7. The assembly of claim 1 wherein at least two catheter angle tip
edges are the same.
8. The assembly of claim 1 wherein at least one catheter diameter
of the catheter assembly is selected to allow the assembly to pass
through and distal to an area of stenosis.
9. The assembly of claim 1 wherein at least one catheter diameter
of the catheter assembly is selected to allow an intravascular
device to pass through and distal to an area of stenosis.
10. The assembly of claim 1 wherein catheter assembly is used to
deliver an intravascular device across an area of vessel
tortuosity.
11. A method of delivering an intravascular device through an area
of stenosis comprising: passing a guide wire across stenosis;
passing an inner catheter on guide wire across stenosis; passing an
intermediate gradual transition catheter across stenosis; passing a
delivery catheter across stenosis; and passing an intravascular
device through the delivery catheter and across the stenosis.
12. The method of claim 11 wherein at least one catheter leads
another catheter.
13. The method of claim 11 wherein an inner catheter leads an
intermediate gradual transition catheter that leads a delivery
catheter.
14. The method of claim 11 wherein an intermediate gradual
transition catheter and delivery catheter are passed across the
stenosis concurrently.
15. The method of claim 11 wherein an intermediate gradual
transition catheter and delivery catheter are passed across the
stenosis as a unit.
16. The method of claim 11 wherein the inner catheter is fixed
distal to the stenosis.
17. The method of claim 11 wherein at least one catheter is
advanced using the push-pull technique.
18. The method of claim 11 wherein at least one catheter is removed
before said intravascular device is advanced.
19. The method of claim 11 wherein at least one catheter diameter
of the catheter assembly is selected to allow the assembly to pass
through and distal to an area of stenosis.
20. The method of claim 11 wherein at least one catheter diameter
of the catheter assembly is selected to allow a device to pass
through and distal to an area of stenosis.
21. A method of delivering an intravascular device across an area
of vessel tortuosity comprising: passing a guide wire across
tortuosity; passing an inner catheter on guide wire across
tortuosity; passing an intermediate gradual transition catheter
across tortuosity; passing a delivery catheter across tortuosity;
and passing an intravascular device through the delivery catheter
and across the tortuosity.
Description
FIELD OF THE INVENTION
[0001] This invention is concerned with catheters for crossing
areas of stenosis and providing conduits for intravascular delivery
through and distal to the area of stenosis.
BACKGROUND OF THE INVENTION
[0002] The delivery of vascular devices through areas of stenosis
has been studied somewhat. Stenosis refers to an area of narrowing
in a blood vessel. Such narrowing may range from the minimal to
occlusion of the entire vessel lumen. Common sites of stenosis
include the carotid and coronary arteries where such stenosis is
usually caused by atherosclerosis.
[0003] In atherosclerosis, fat, cholesterol, and other substances
build up in the inner lining of an artery. Such build-up is called
an atheroma or plaque. Over time, the build-up results in stenosis
of the vessel. Such stenosis results in decreased blood flow distal
to the site of stenosis and can result in ischemia. In the heart,
such ischemia may manifest itself in chest pain and myocardial
infarction.

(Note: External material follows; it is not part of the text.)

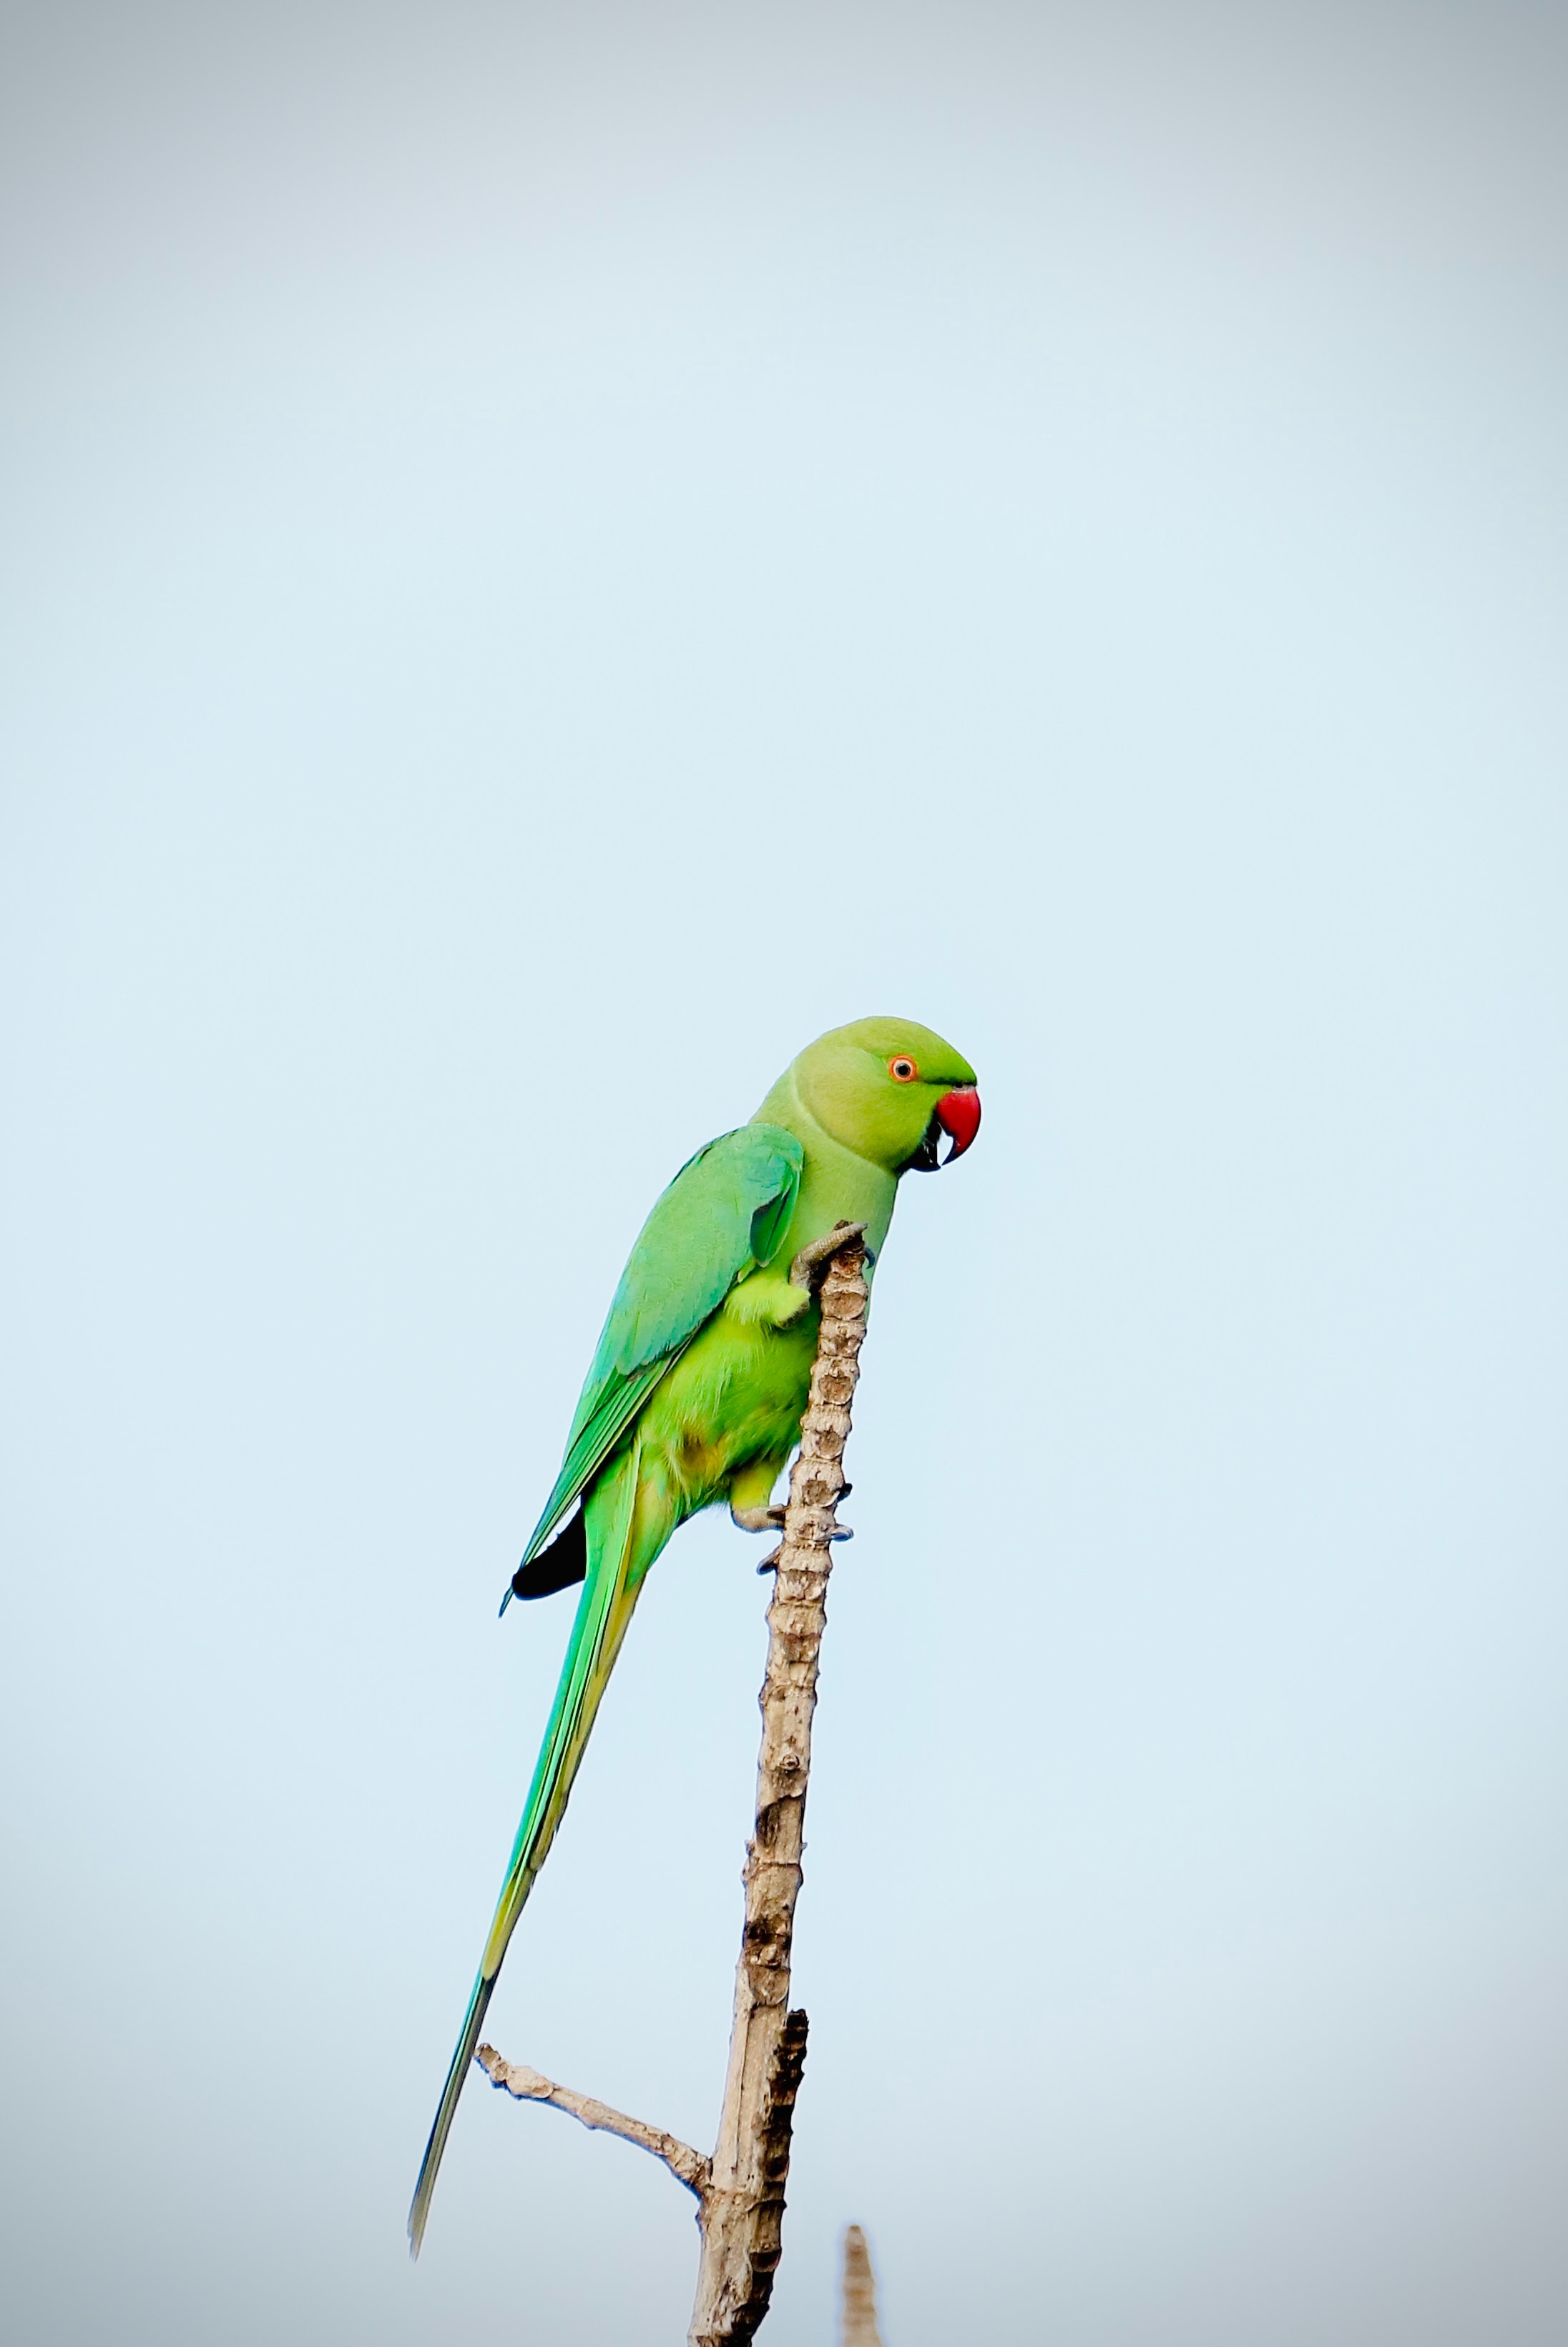 Mobile wallpaper: Parrots, Animals, Branch, Bird, Bright, 108875 download  the picture for free.

In the brain, such ischemia may manifest itself as a
stroke.
[0004] Most medical interventions in the treatment of these
pathologies focus on the site of stenosis (e.g. surgically
bypassing the stenosis through coronary bypass grafts; surgically
removing the plaque causing the stenosis through carotid
endarterectomy; percutaneously opening the stenosis through
angioplasty and stent placement; percutaneously determining disease
severity through catheterization and angiography). During these
interventions, plaque and other debris may be released into the
bloodstream and travel distal to the site of stenosis. Such release
often causes ischemia and/or necrosis at another site and is
referred to as an embolic event. The risk of such embolic events
limits the usefulness of such procedures as this risk must be
weighed against the risk of greater pathology without further
treatment.
[0005] Recent advances and clinical trials focusing on carotid
interventions such as stenting have created an even greater
interest in limiting the risk of embolic complications which may
cause a stroke and even death related to the procedure. Many
researchers have attempted to limit the effects of such embolic
events by designing protection devices such as nets, filters, and
liners that "catch" or prevent the plaque or debris from traveling
through the bloodstream and causing further ischemia. See, e.g.,
U.S. Pat. Nos. 6,582,448; 6,383,171. These efforts have had limited
success. This limited success, in part, is because the protection
device can itself cause an embolic event. Such an event may occur
at the time of delivery or removal. Another significant limitation
of such a protection device is operator difficulty advancing the
device through the area of stenosis. In addition to limiting the
success of the procedures, advancement difficulties may
significantly increase patient exposure to anesthesia, radiation,
and contrast agents and drain medical resources. This invention
will improve the safety and efficacy of percutaneous interventions,
particularly of the carotid and coronary arteries.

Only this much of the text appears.